▸ INFORMATION SUPPLIED:
=====

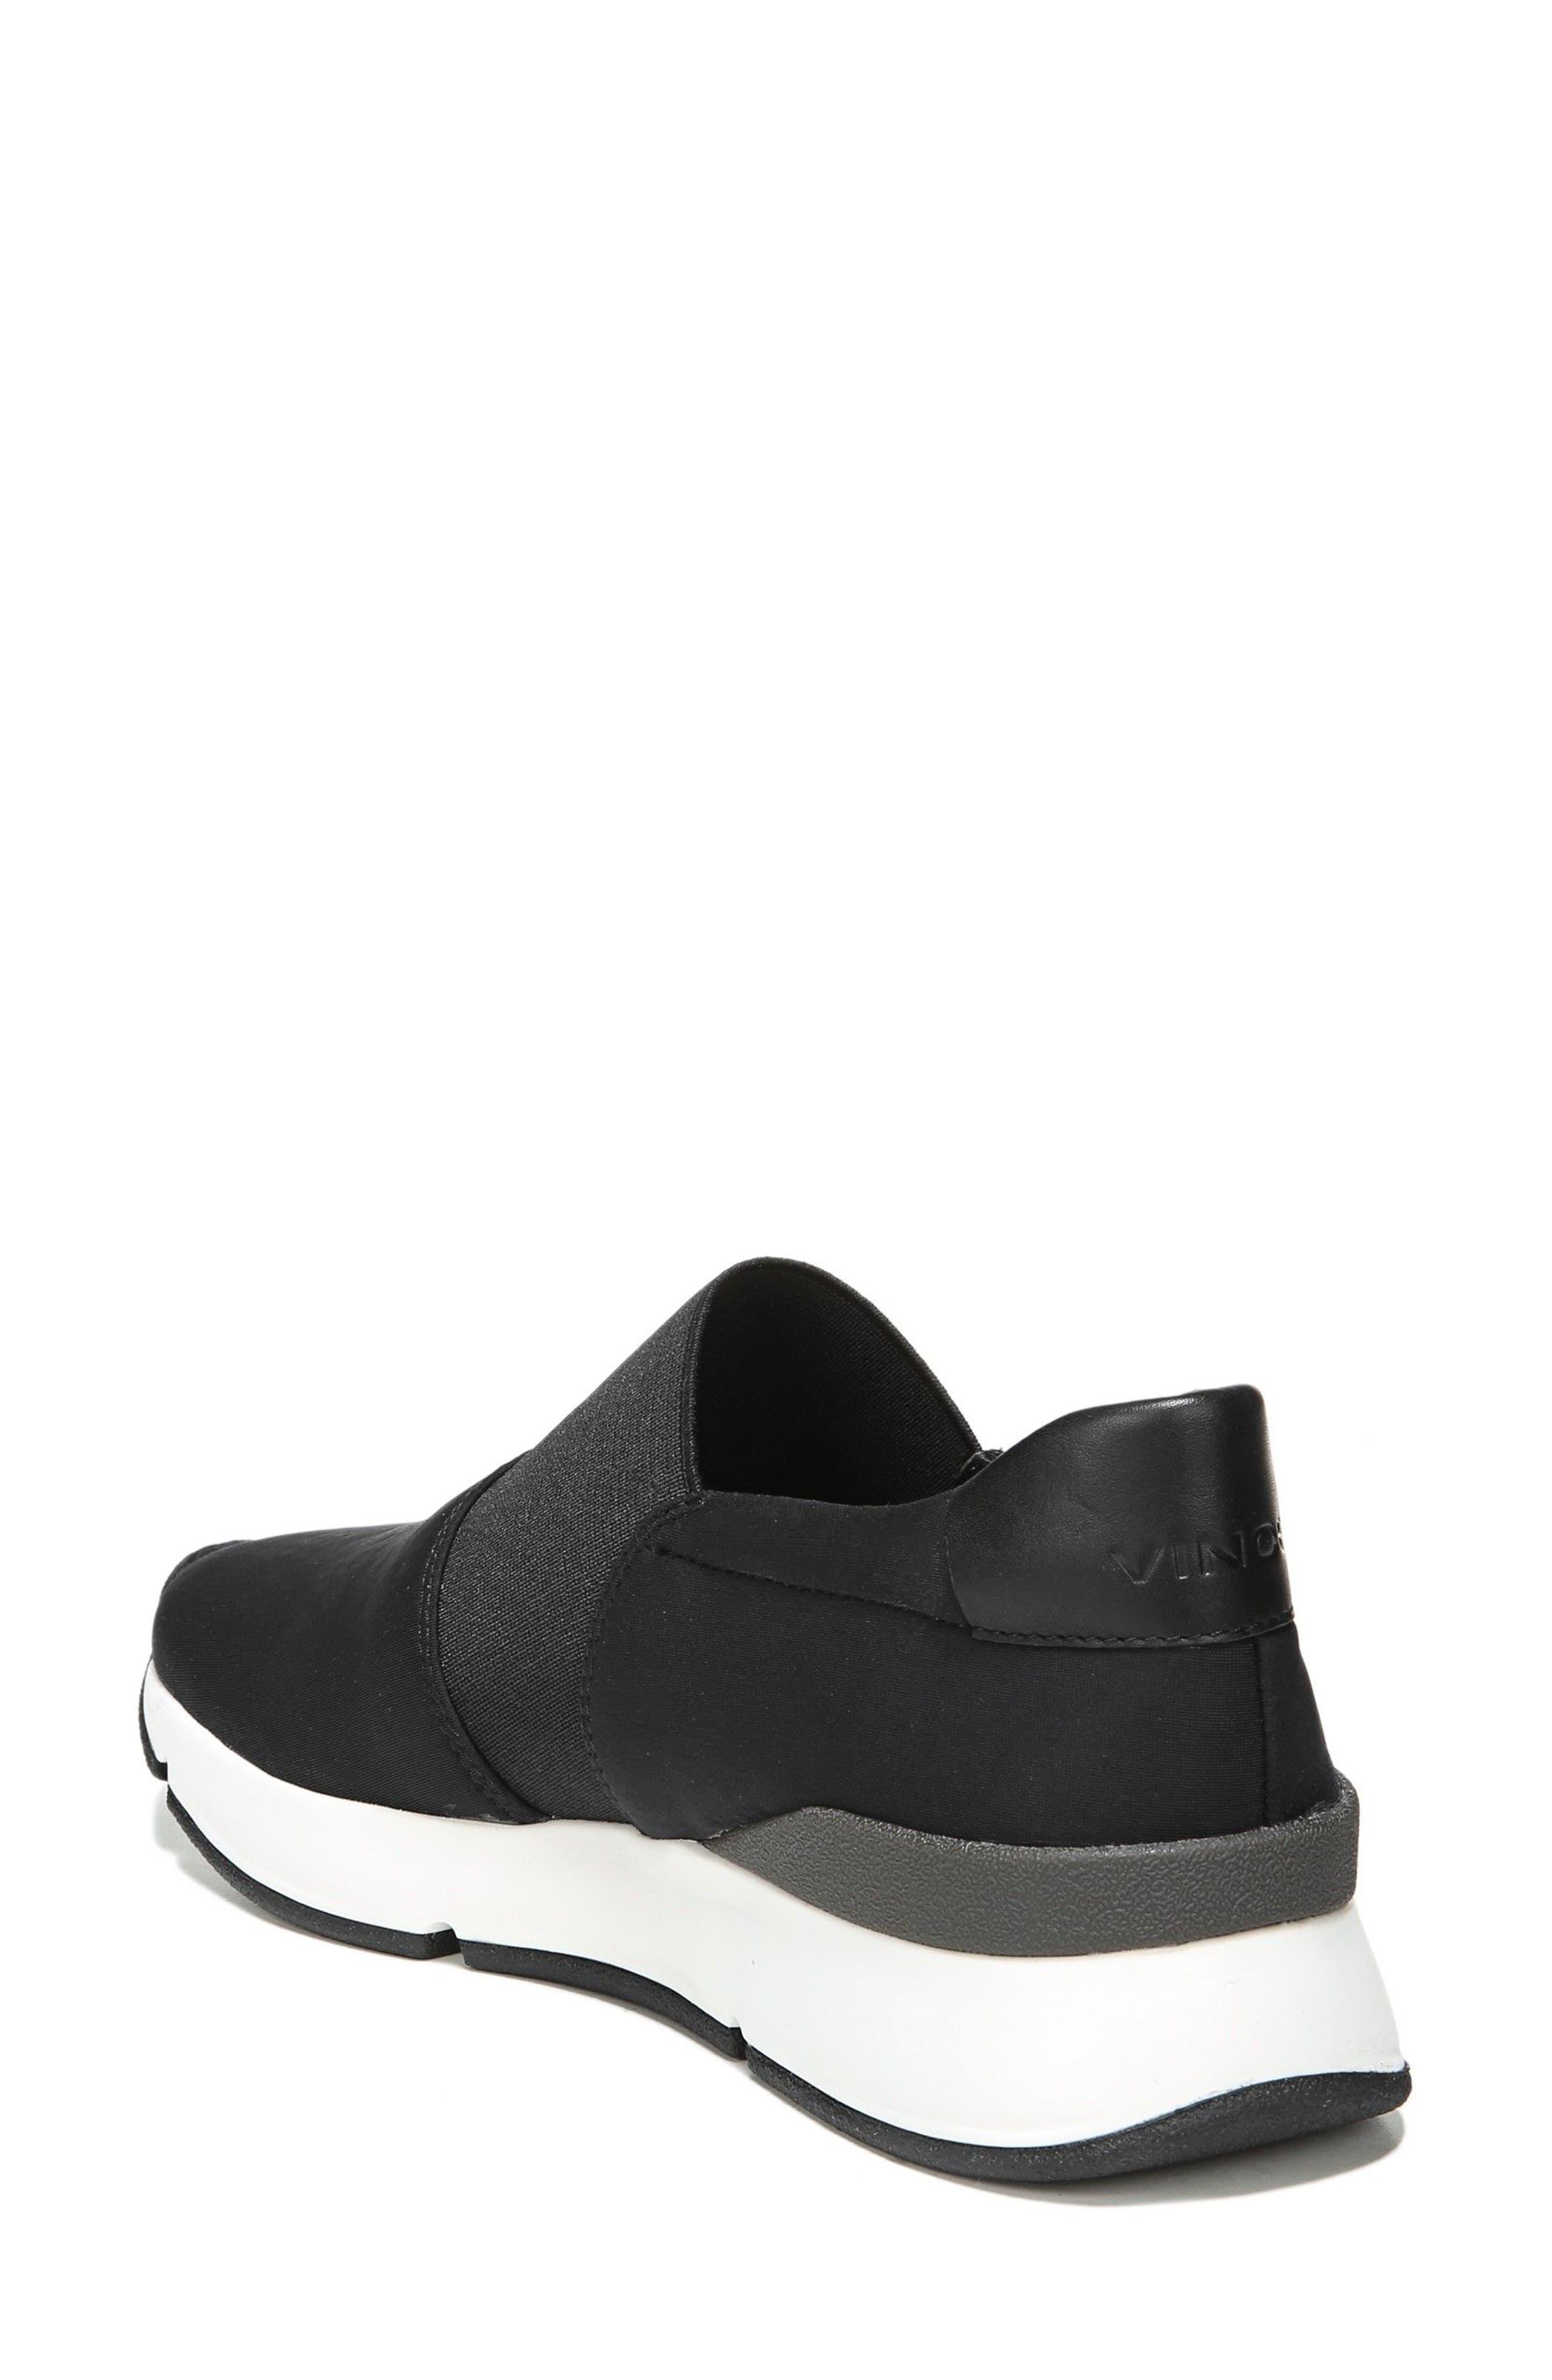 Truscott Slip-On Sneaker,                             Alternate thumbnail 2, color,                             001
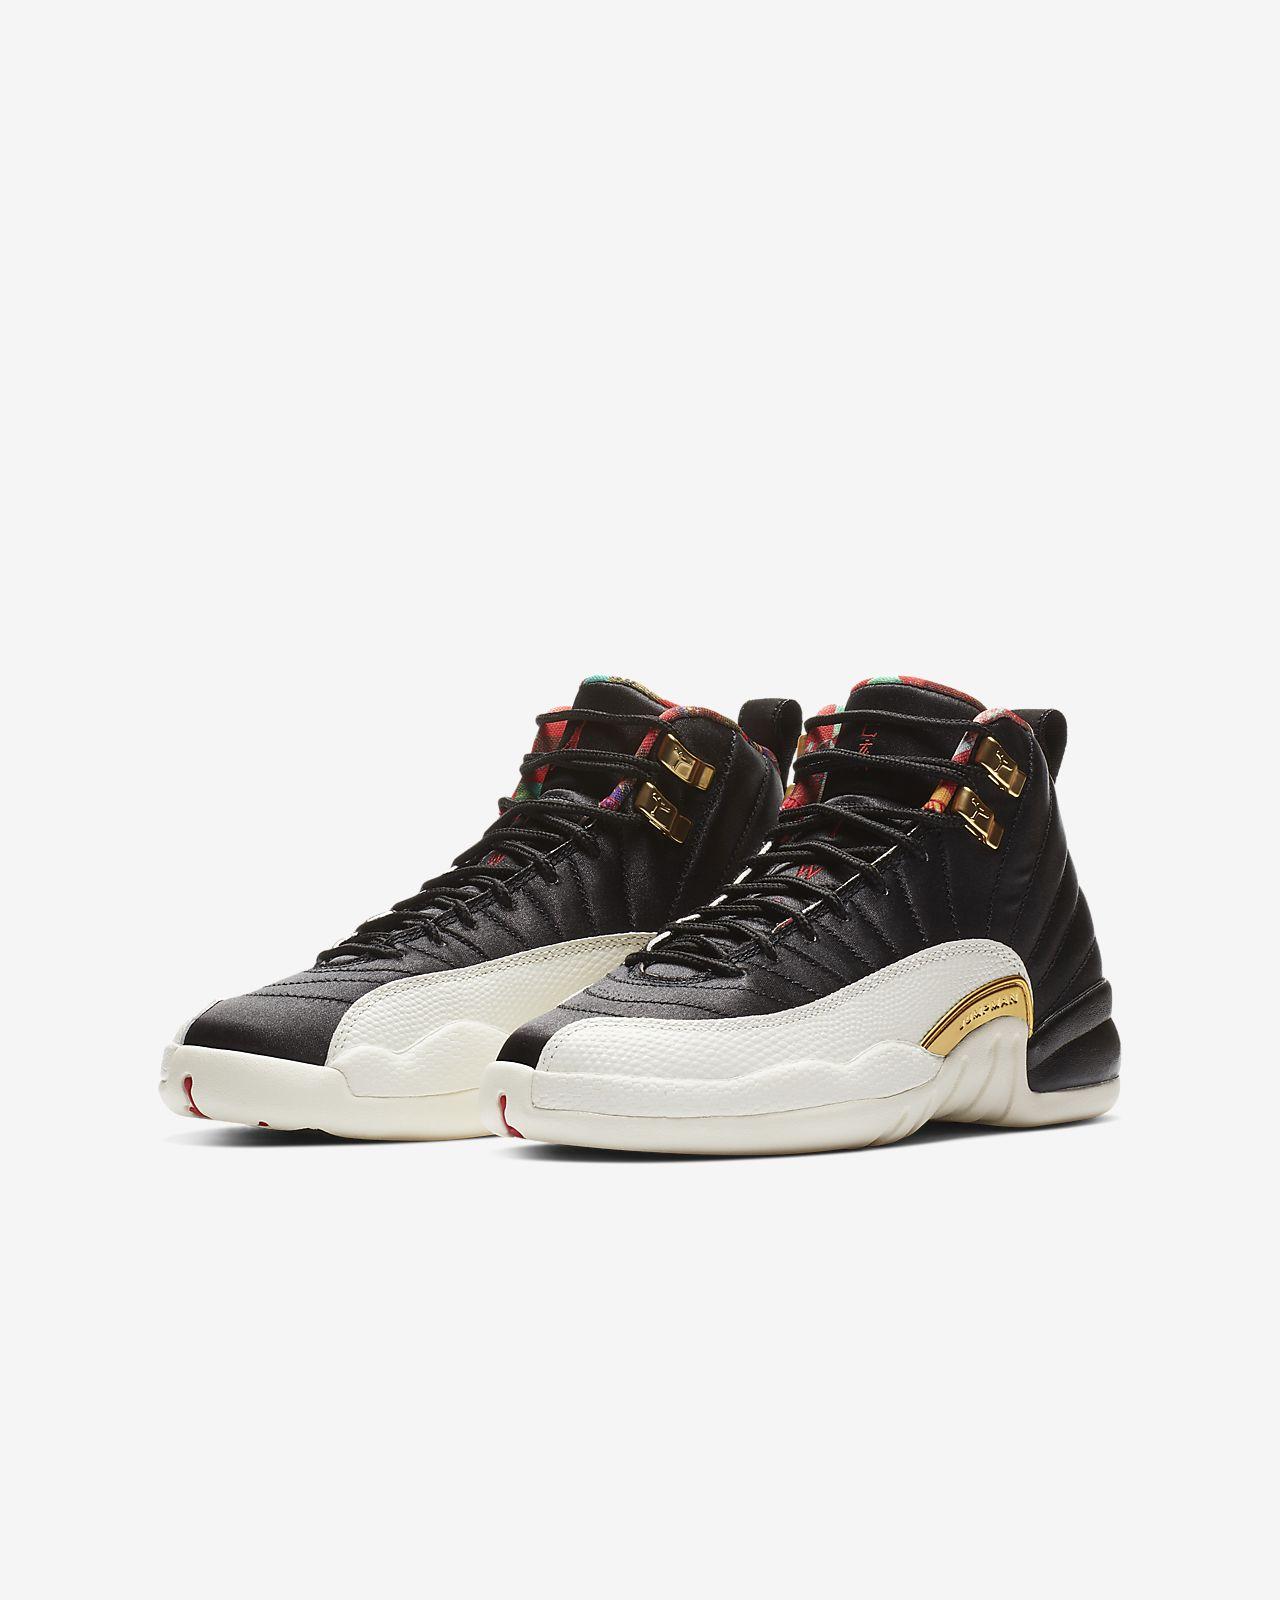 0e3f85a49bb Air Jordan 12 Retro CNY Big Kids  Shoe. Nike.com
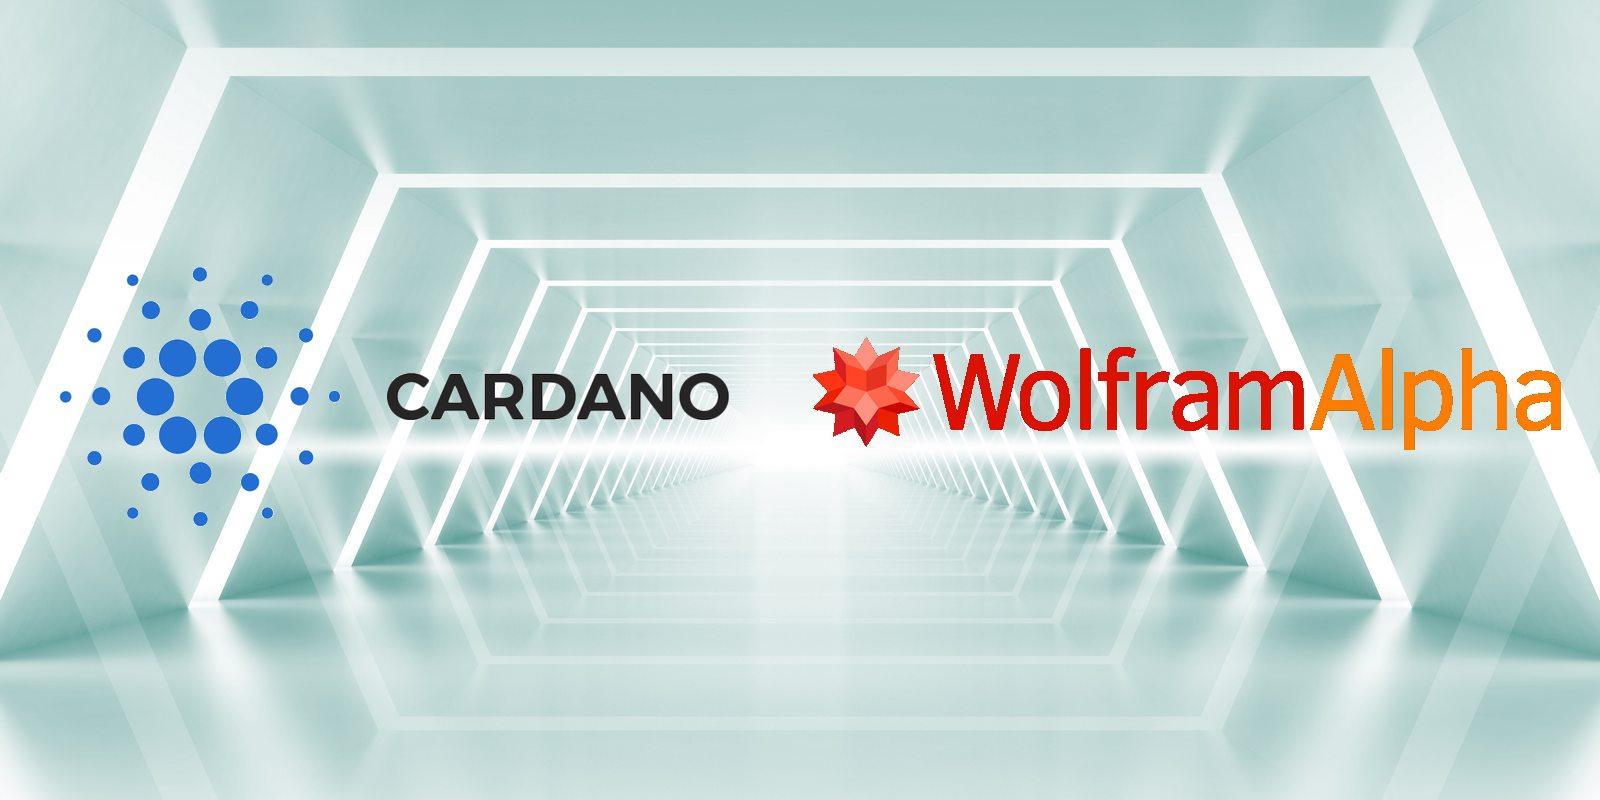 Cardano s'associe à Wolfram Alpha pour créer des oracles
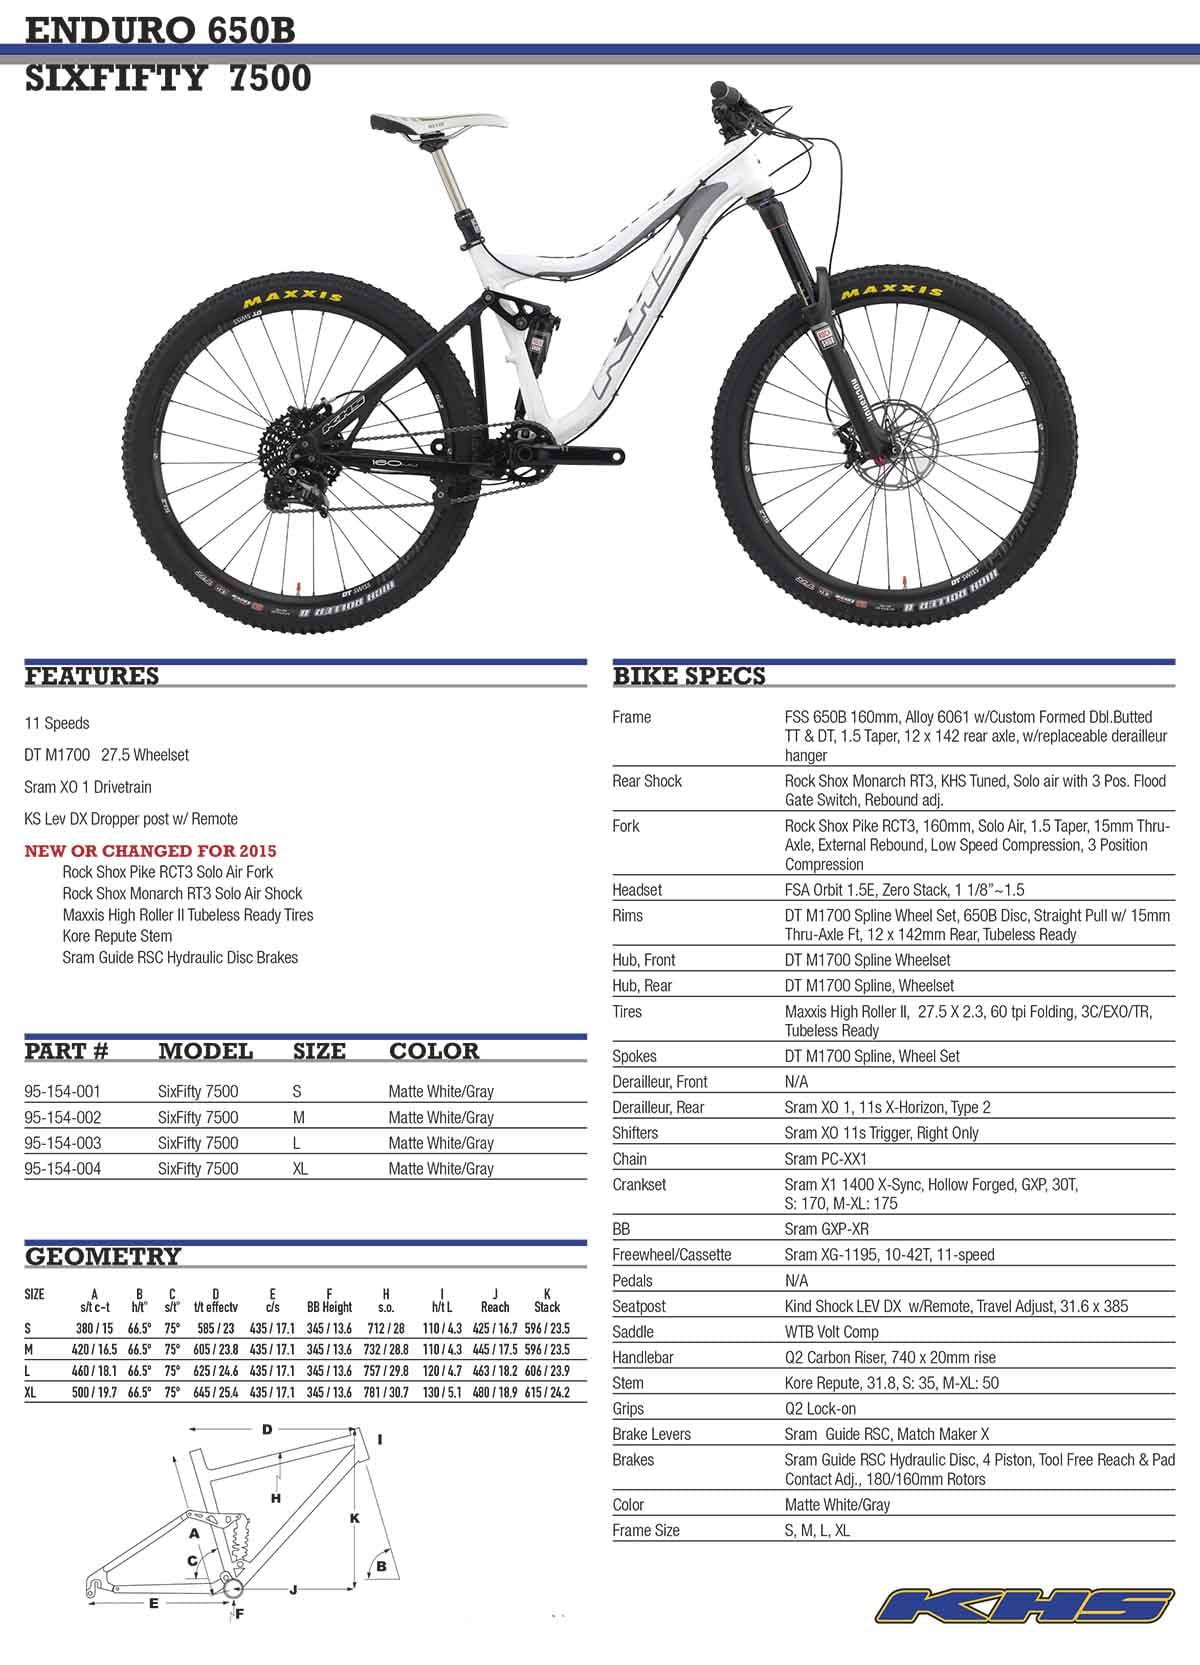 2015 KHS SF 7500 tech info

=====

▸ PROBLEM: Leave every picture out, and reproduce exactly the lines from the line bearing "0e3f85a49bb Air Jordan" through the closing line of the material above.

▸ WORKED SOLUTION:
 0e3f85a49bb Air Jordan 12 Retro CNY Big Kids  Shoe. Nike.com
 Cardano s'associe à Wolfram Alpha pour créer des oracles
 2015 KHS SF 7500 tech info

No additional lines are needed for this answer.